Thank you to my grandfather, Robert E. Smith, for setting a story-teller's example and for being excited for me. Thanks to the Claiborne family for their interest and good wishes. The Kiernan family has been extraordinarily kind and supportive; a special thanks to Elizabeth Kiernan, my mother-in-law, for her countless everyday kindnesses.
Thank you to my mother, Judy Claiborne. There is no doubt that I wouldn't have become a writer without having developed a love of books, and she is solely responsible for that. I love you. I miss you. Be well.
And finally, because, yeah, I
am
the sort of writer who thanks her dog, thank you to Niko, who is convinced that I am the perfect companion, when it is quite clearly the other way around.
If children grew up according to early indications, we should have nothing but geniuses.
 
—Johann Wolfgang von Goethe
PROLOGUE
Constance Belle Sykes
1969
 
 
 
 
 
 
 
Our real lives were lived in the dark. Late at night, every night, we met in the music room, stealthily avoiding the scarred legs of the piano, the stringless harp, the
1
⁄8-size Mittenwald balanced upon the violin stand as if waiting for a musically inclined fairy. No childish night-light cast shadows across the wallpaper; only the moon, streaming through the skylight to glow upon the yellowed piano keys, lit our play.
Some nights there was no moon at all—though Estella patiently explained to me that it was still there, we just couldn't see it because Earth had shoved its wide, round self between the moon and the sun, a social bully forcing its way into an ancient conversation—and we would reluctantly crack the door to allow the light of our parents' downstairs lives in.
We were precocious children, promising children, healthy children. At seven, Estella was tall enough to reach everything we'd ever need and smart enough to know what we could get away with. And I, younger by two years, was quick enough to flee, small enough to hide, and beguiling enough to lie convincingly.
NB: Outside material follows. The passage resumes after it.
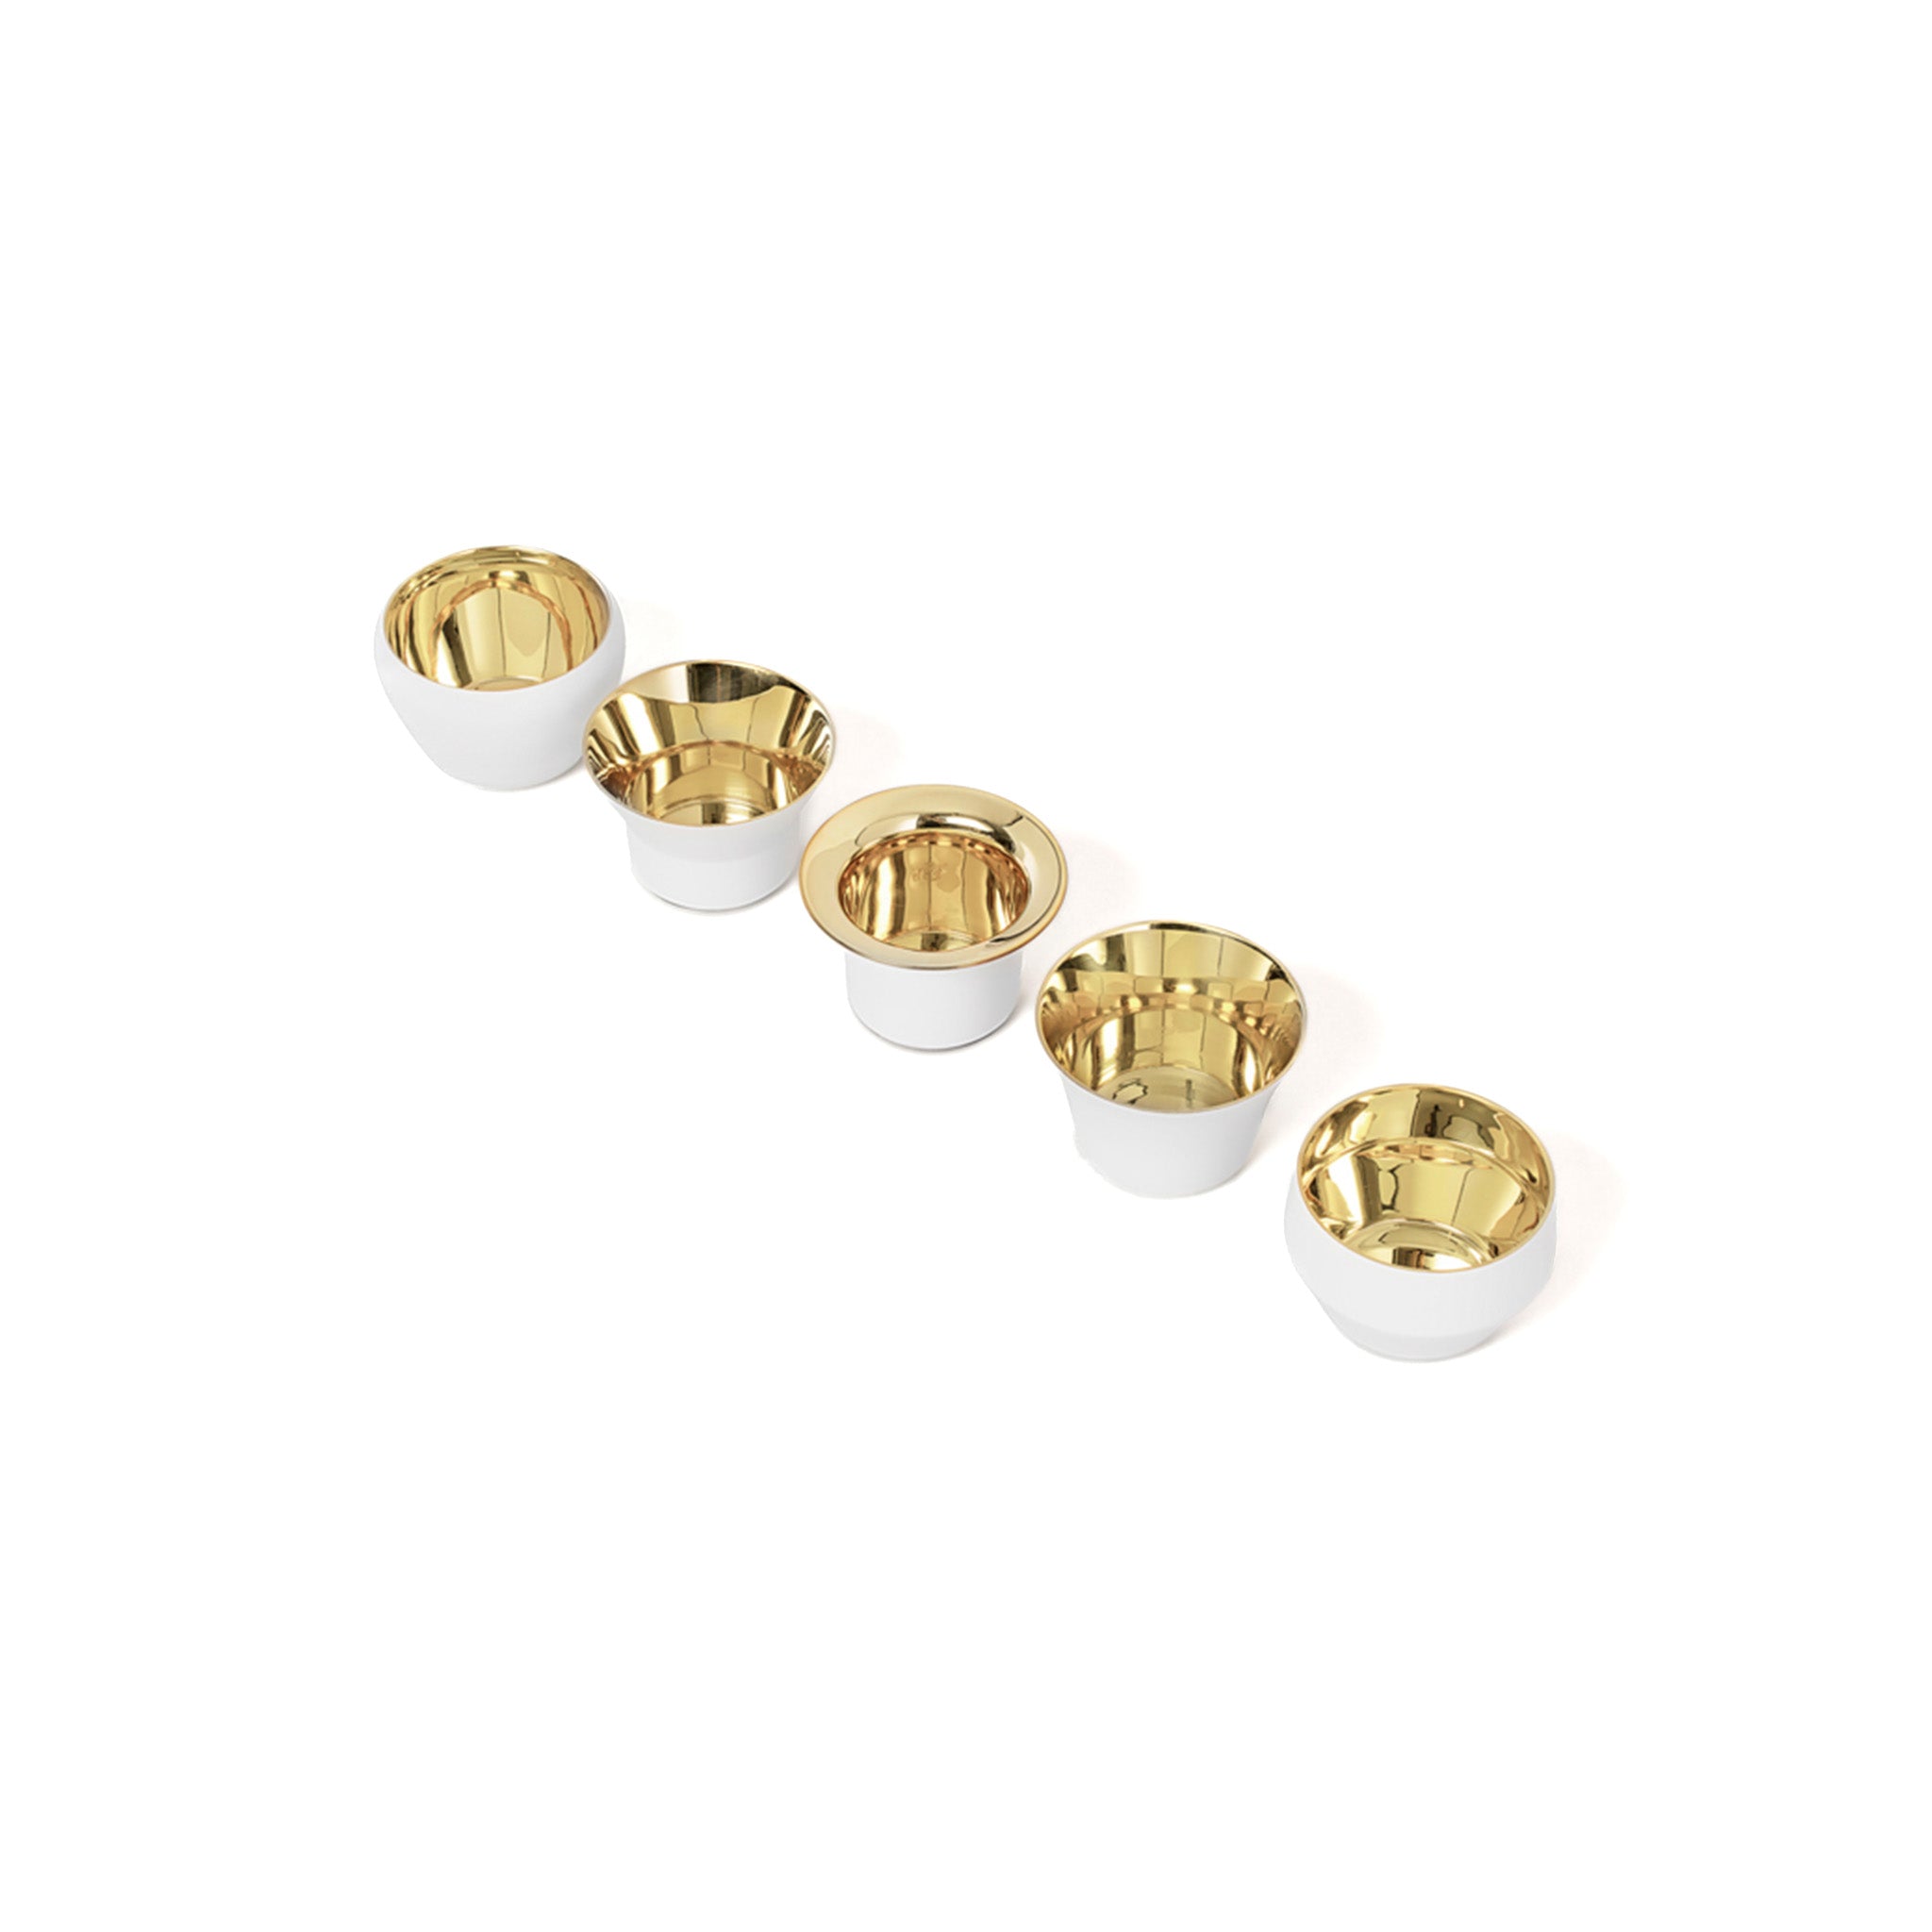 a set of five white and brass tealights by skultuna at a diagonal on a white background

And though we didn't know it at the time, we were wealthy children, the great-great-grandchildren of lumber baron Nathaniel Austin Sykes. A sound track of important conversation accompanied those nights we left the door cracked for light. Illustrious people: politicians, university presidents, eminent board members of museums and cultural centers, all came looking for that old, rapidly dwindling money. They laughed too loudly at our father's jokes, exclaimed over our mother's beauty, greedily ran their eyes over the volumes of rare books filling the library shelves, and scuffed their shoes against the tight nap of the Bokhara rugs.
We had the run of the upstairs on those nights. The nanny, pressed into service in the kitchen, left us alone, and the noise of the dinner covered the drumroll of our feet as we rushed from the music room to the top of the stairs and back as proof of our daring.
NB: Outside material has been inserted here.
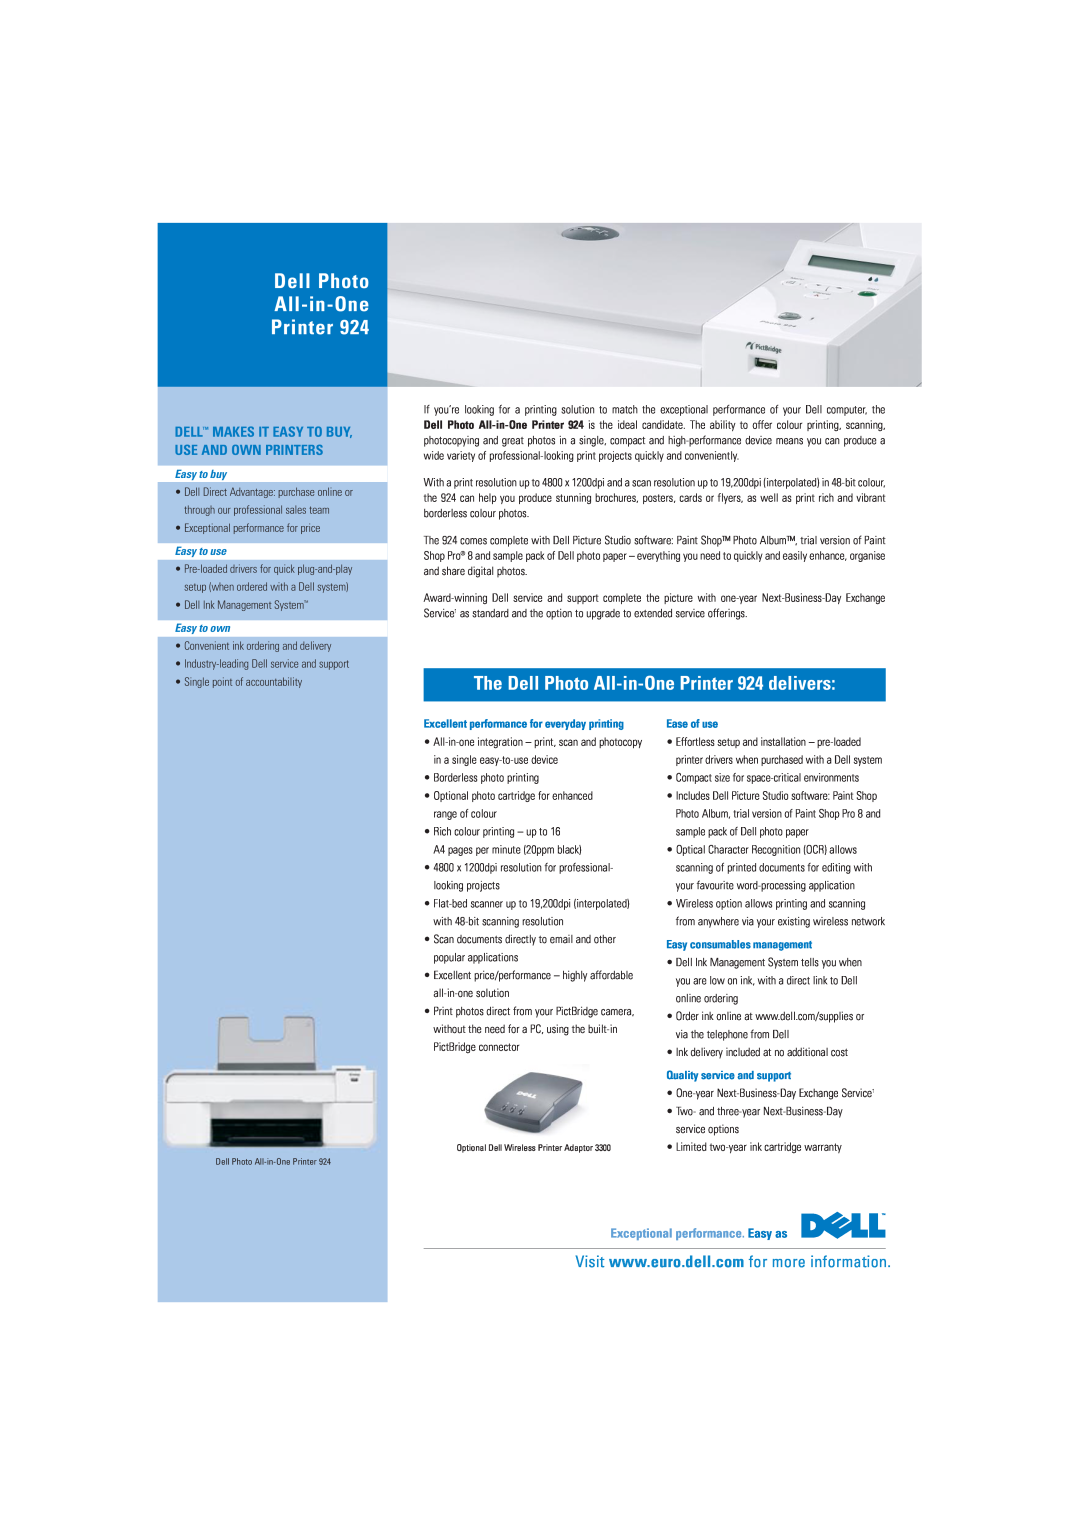 Dell 924 brochure Dell Photo All-in-One Printer, Exceptional performance. Easy as, Easy to buy, Easy to use, Easy to own

Sometimes we eavesdropped, glancing at each other with big eyes when we heard our father swear or our mother tell a bawdy joke. And we heard things our parents did not, like remarks about our father's age and thinning hair, and our mother's youth and lush figure. The men were as guilty as the women, and we even heard our own names in those catty conversations, about how spoiled we were and how we would grow up without ever learning to appreciate hard work.
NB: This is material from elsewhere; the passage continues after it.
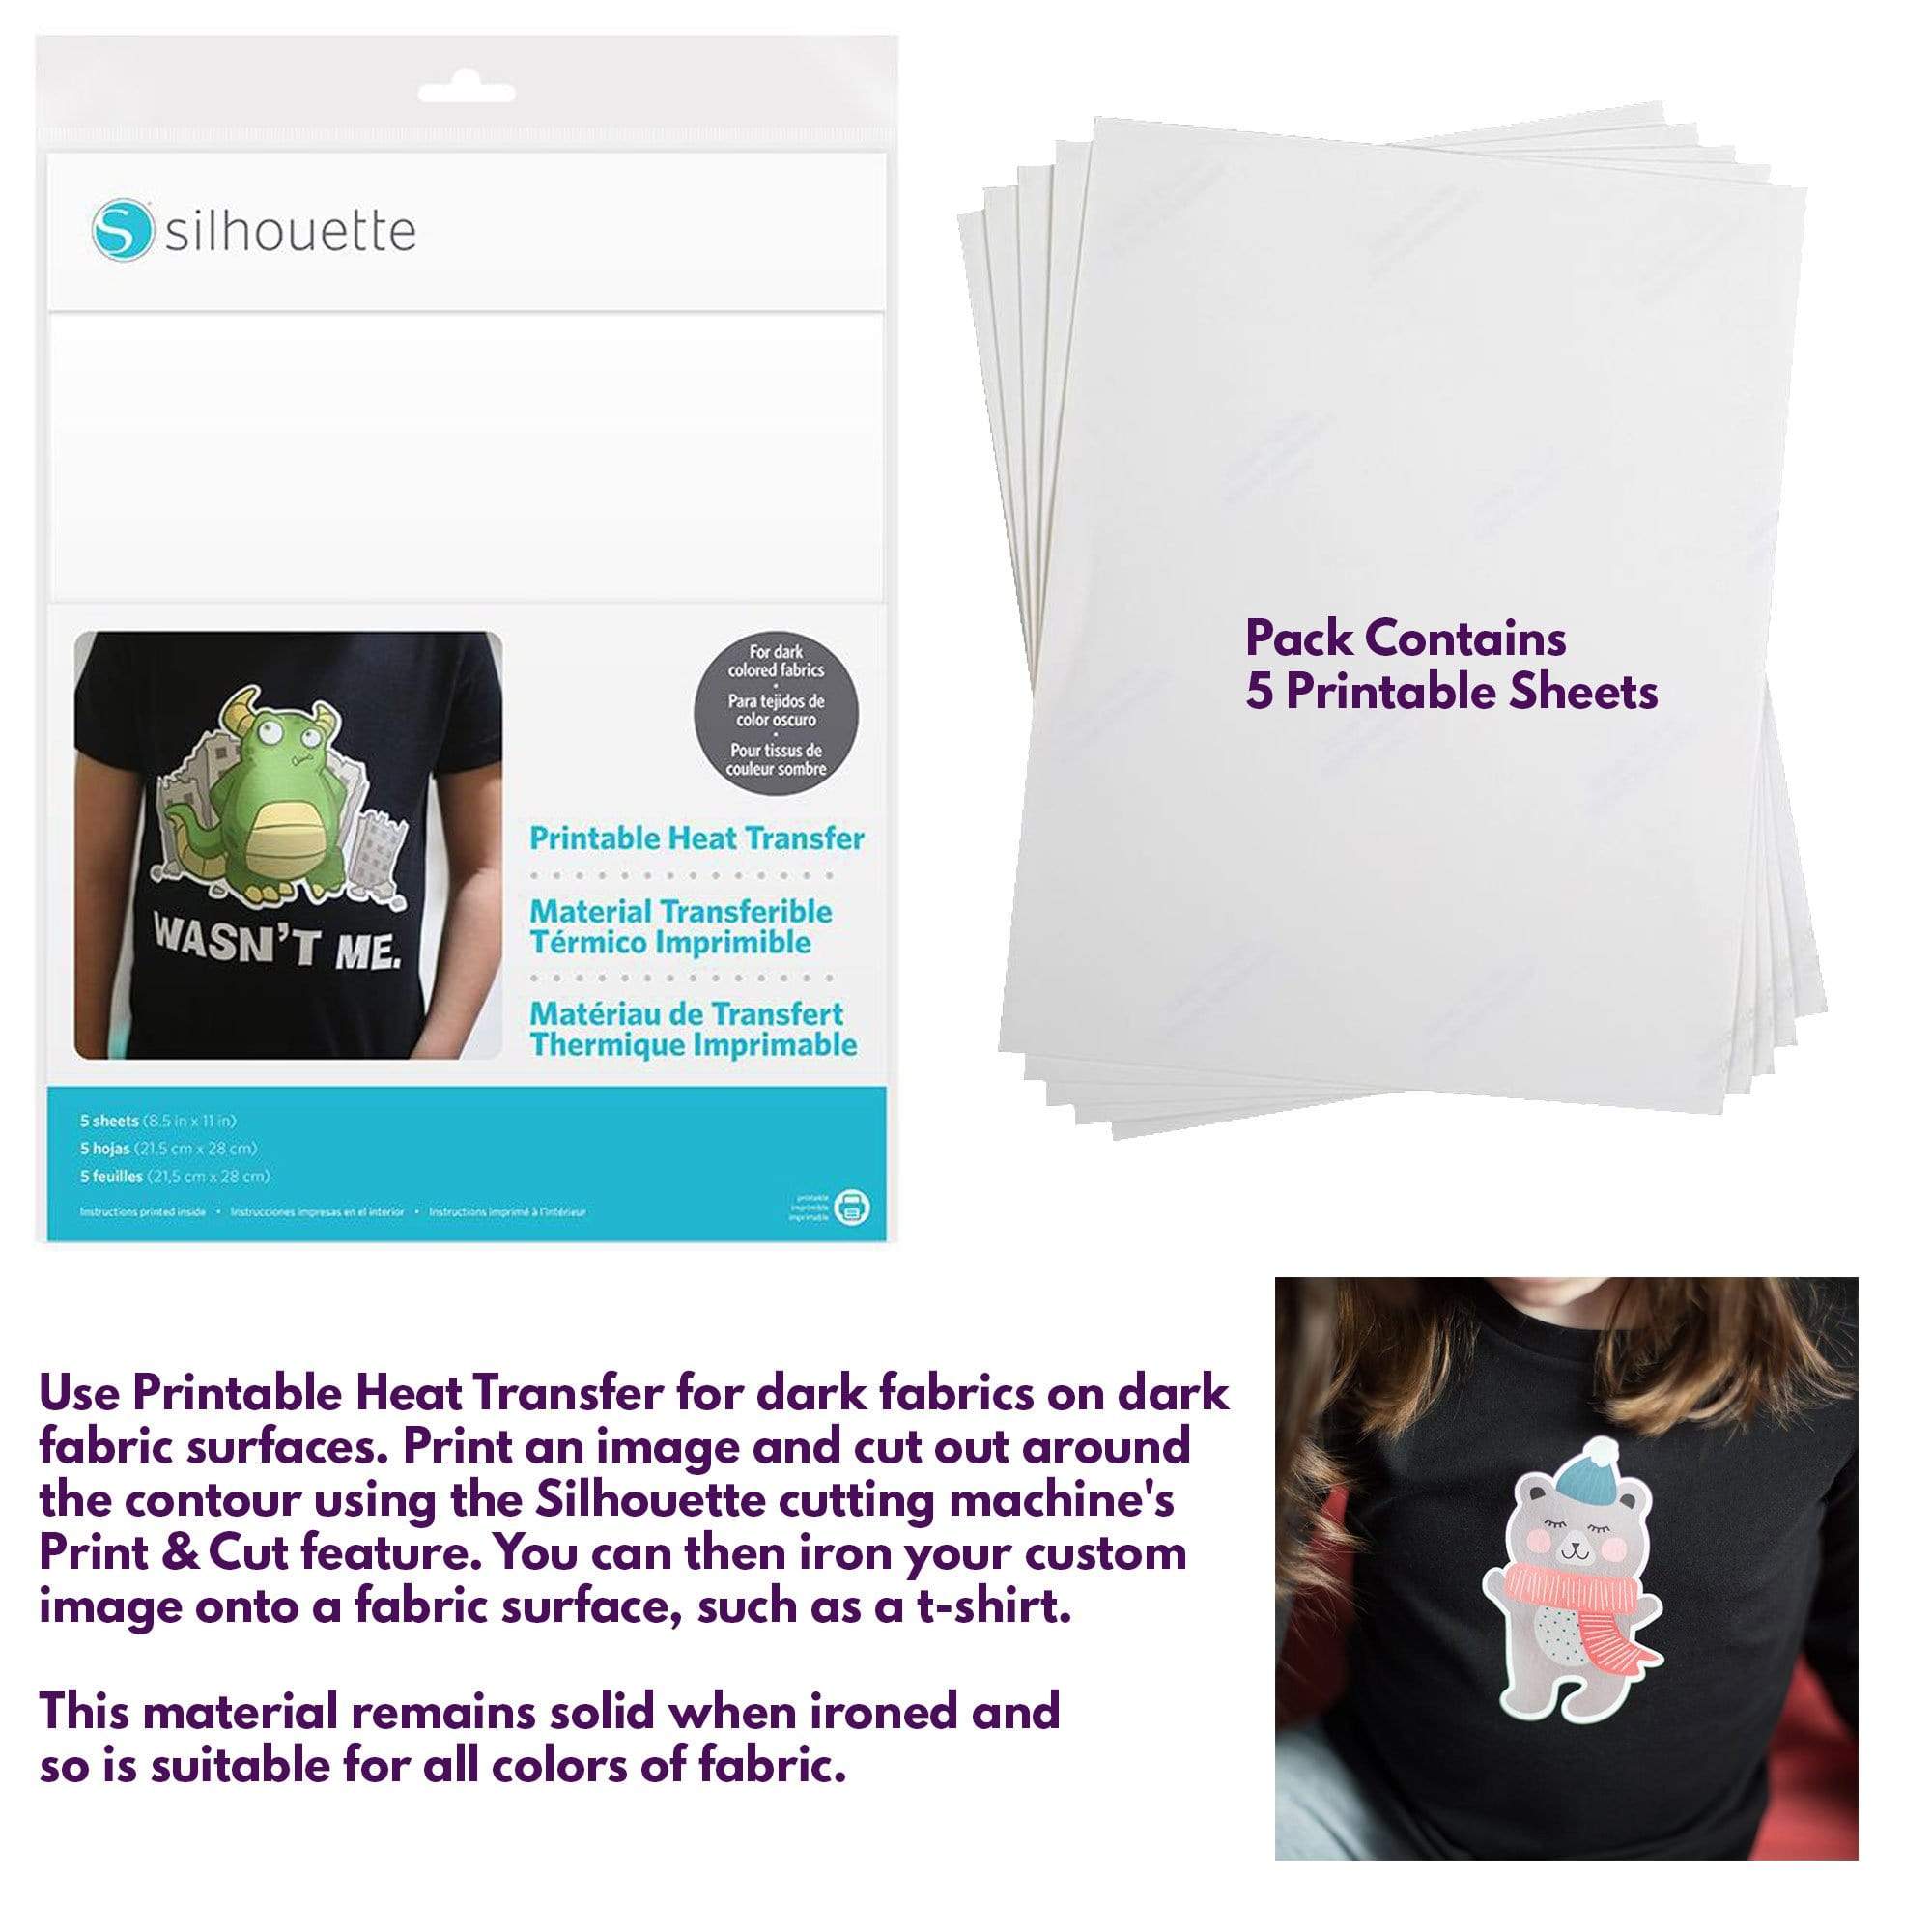 Silhouette America Heat Transfer Materials Silhouette Heat Transfer Favorites Bundle- Includes 12 Sheets of Printable Vinyl (for both light and dark material) ,2 Rolls of Glitter Heat Transfer Material, and Intro to Silhouette 101 with Free Designs

I knew what spoiled was. Kimmy Kay Watson down the street was spoiled. She got not one, but
two
ponies for her sixth birthday, one for her friends to ride and one that she never had to share. I asked for a pony for my fifth birthday and got a tattered first edition of
Little Women
instead. So I knew I was not spoiled.
Our eavesdropping never lasted for long; we had our own rituals to attend to. We always danced first, a childish shag that our mother taught us, twining our hands together and awkwardly flinging ourselves away and then toward each other, tethered by fingers gone numb. When we finally broke apart, panting, I followed her lead, as I had ever since I could crawl after her. Sometimes we played Alligators in the Carpet, sometimes The Witch in the Attic, sometimes Schoolteacher and Brilliant Pupil or, when I got my way, Superhero Twins.